President-elect Donald Trump’s transition team said a controversial Energy Department questionnaire, which asked for the names of employees involved in the agency’s climate change efforts, “was not authorized.”
The statement from the transition team further said the person responsible had been “counseled.”
Environmentalists were outraged last week by the questionnaire the Trump transition team sent to the Energy Department that asked for a list of staffers who worked on climate change -- a request the administration refused out of concern it could be used to try to purge climate-change believers.
“We will be forthcoming with all publicly-available information with the transition team,” spokesperson Eben Burnham-Snyder said in a statement Tuesday.

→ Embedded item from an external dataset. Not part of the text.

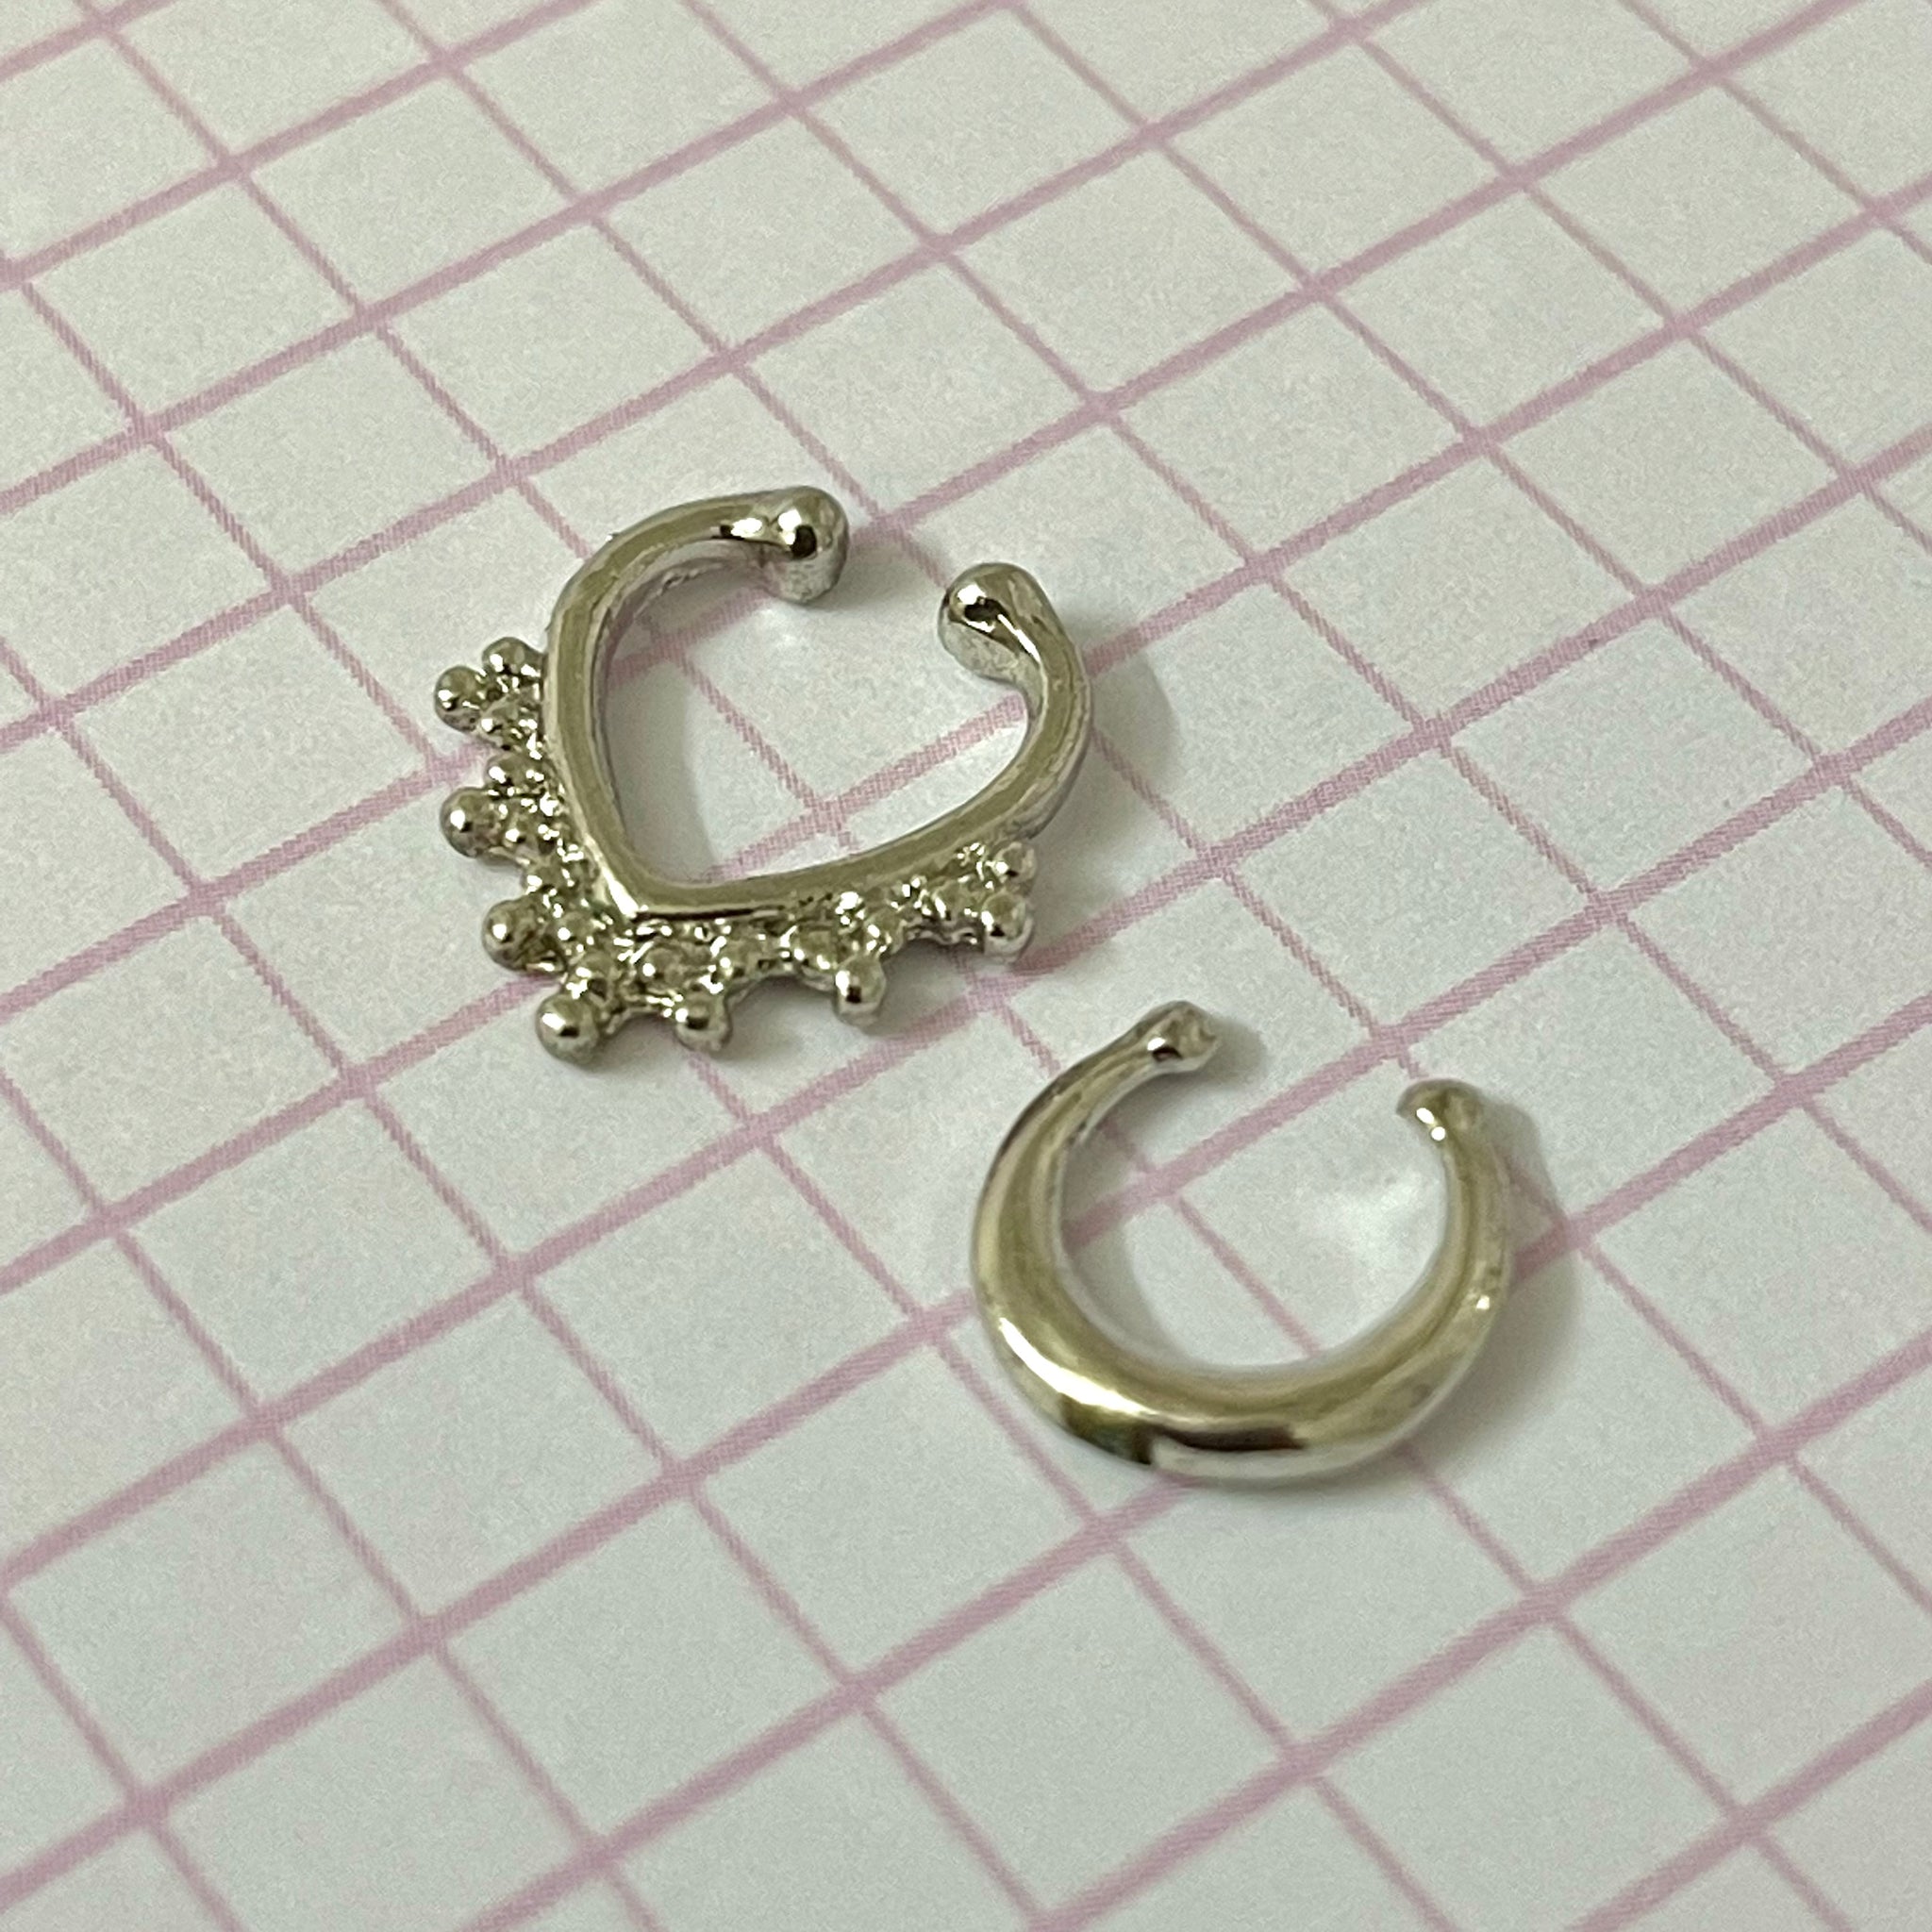 SET OF TWO SEPTUM PIERCING PRESS SILVER-TONED NOSE RING

But, “[w]e will not be providing any individual names to the transition team.”
On Tuesday, the White House backed up the Energy Department’s position.
“Our principle -- this is a principle that presidents of both parties have long abided by -- is that we should observe the protections that are in place that ensure that career civil servants are evaluated based on merit and not on politics,” White House Press Secretary Josh Earnest told reporters.
“I’m sure the President-elect used the same kind of criteria when choosing his new Department of Energy secretary as well,” Earnest added.
The questionnaire, obtained by CBS News on Friday, asked questions including, “Which programs within [the Department of Energy] are essential to meeting the goals of President Obama’s Climate Action Plan?” Another one asked recipients, “Can you provide a list of all Department of Energy employees or contractors who have attended any Interagency Working Group on the Social cost of Carbon meetings?”